-- The data follows --
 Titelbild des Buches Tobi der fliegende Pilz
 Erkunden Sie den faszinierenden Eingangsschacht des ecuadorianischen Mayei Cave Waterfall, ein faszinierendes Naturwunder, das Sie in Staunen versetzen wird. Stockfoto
-- The data concluded --
-- The data follows --
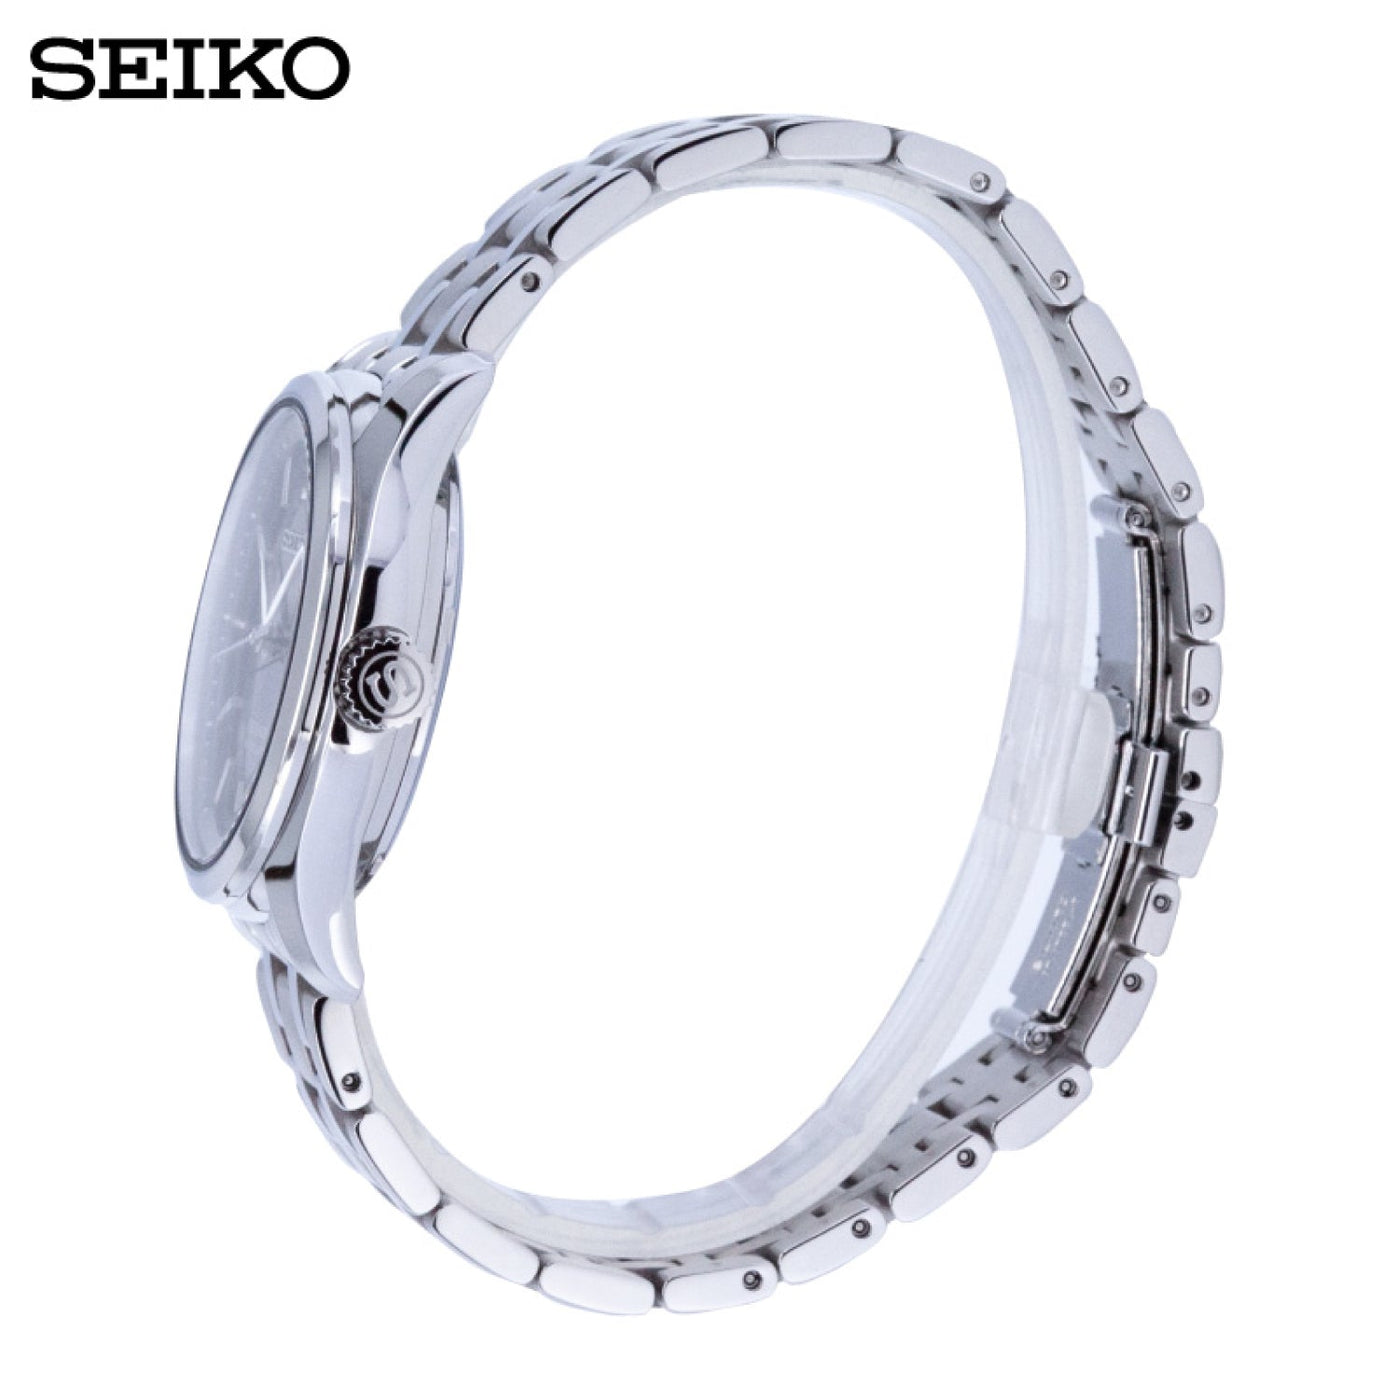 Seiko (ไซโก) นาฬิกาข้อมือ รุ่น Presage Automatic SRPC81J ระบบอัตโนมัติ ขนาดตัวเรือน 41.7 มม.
-- The data concluded --
-- The data follows --
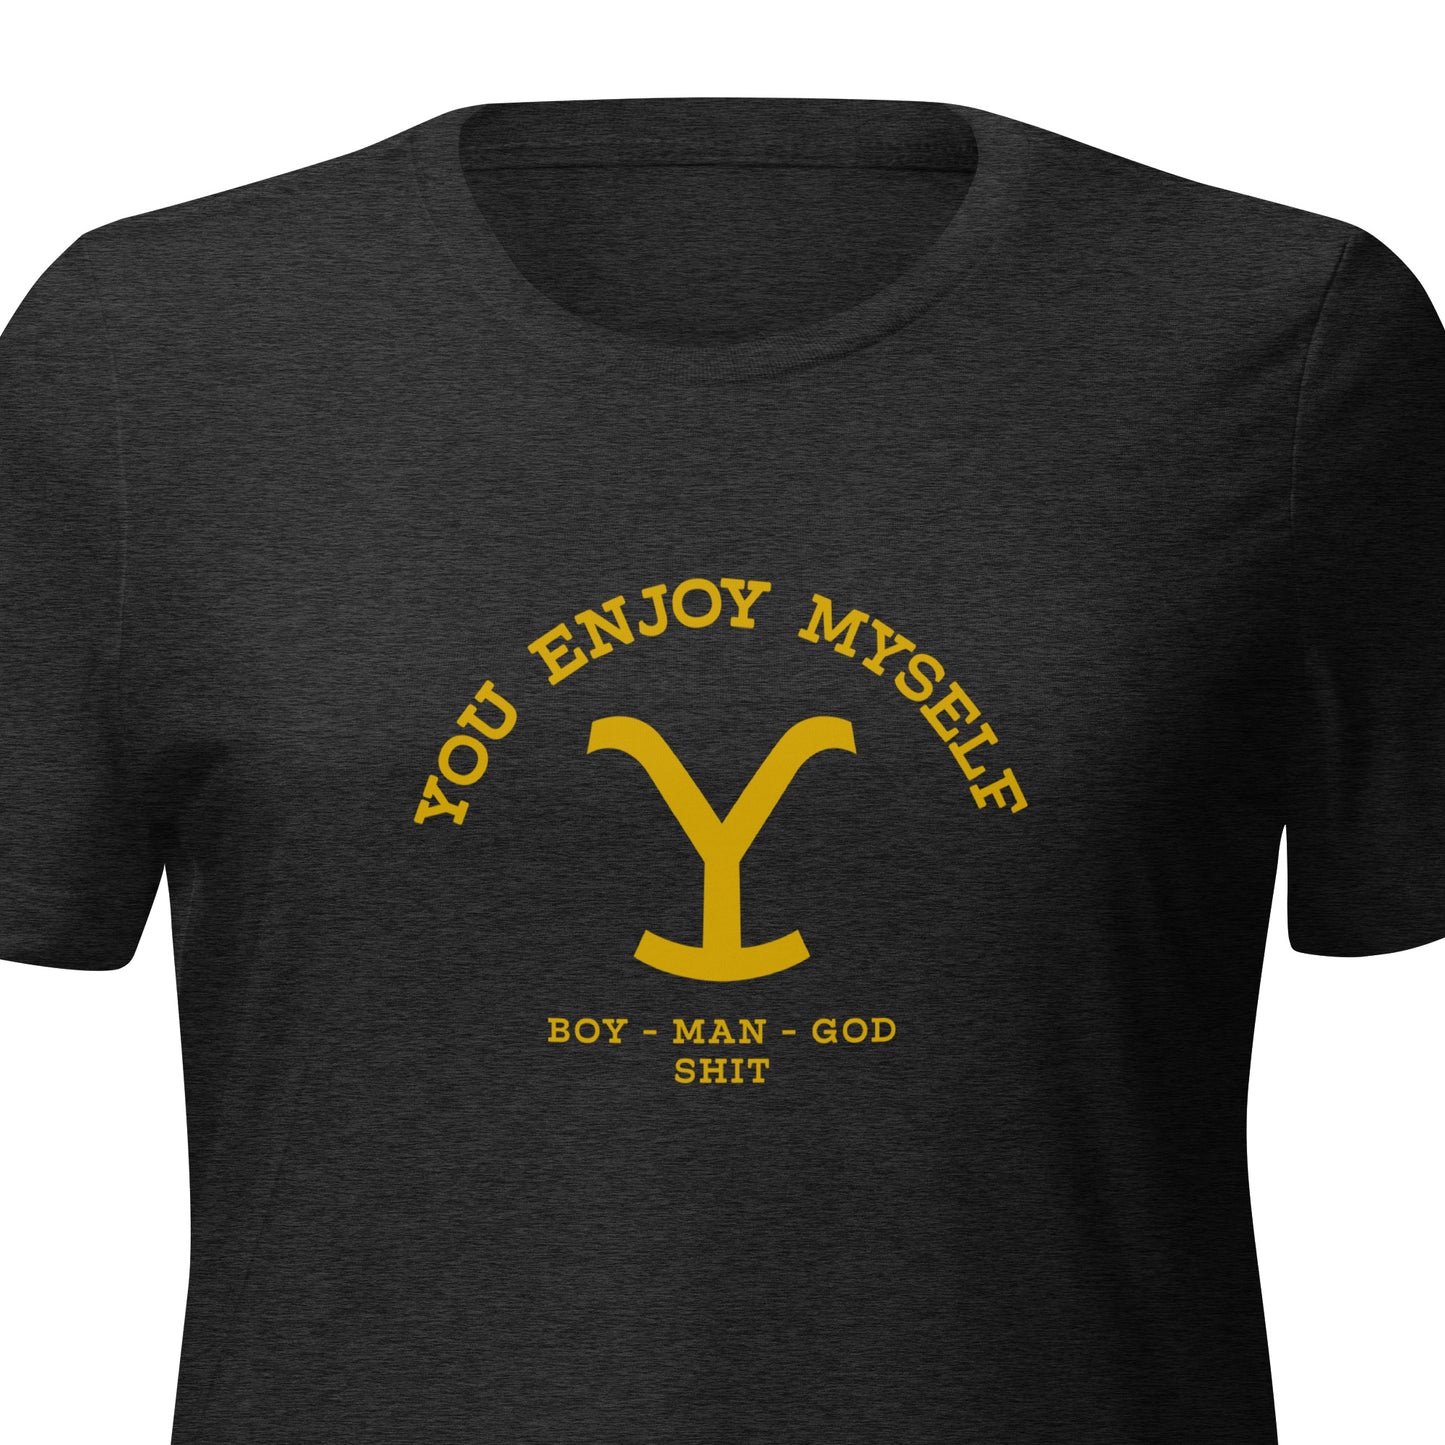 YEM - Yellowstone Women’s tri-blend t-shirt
-- The data concluded --
Problem
From the data above, output only the lines between the line containing "Titelbild des Buches Tobi der fliegende Pilz" and the line containing "Erkunden Sie den", inclusive, exactly as written.

Answer to the exercise
 Titelbild des Buches Tobi der fliegende Pilz
 Erkunden Sie den faszinierenden Eingangsschacht des ecuadorianischen Mayei Cave Waterfall, ein faszinierendes Naturwunder, das Sie in Staunen versetzen wird. Stockfoto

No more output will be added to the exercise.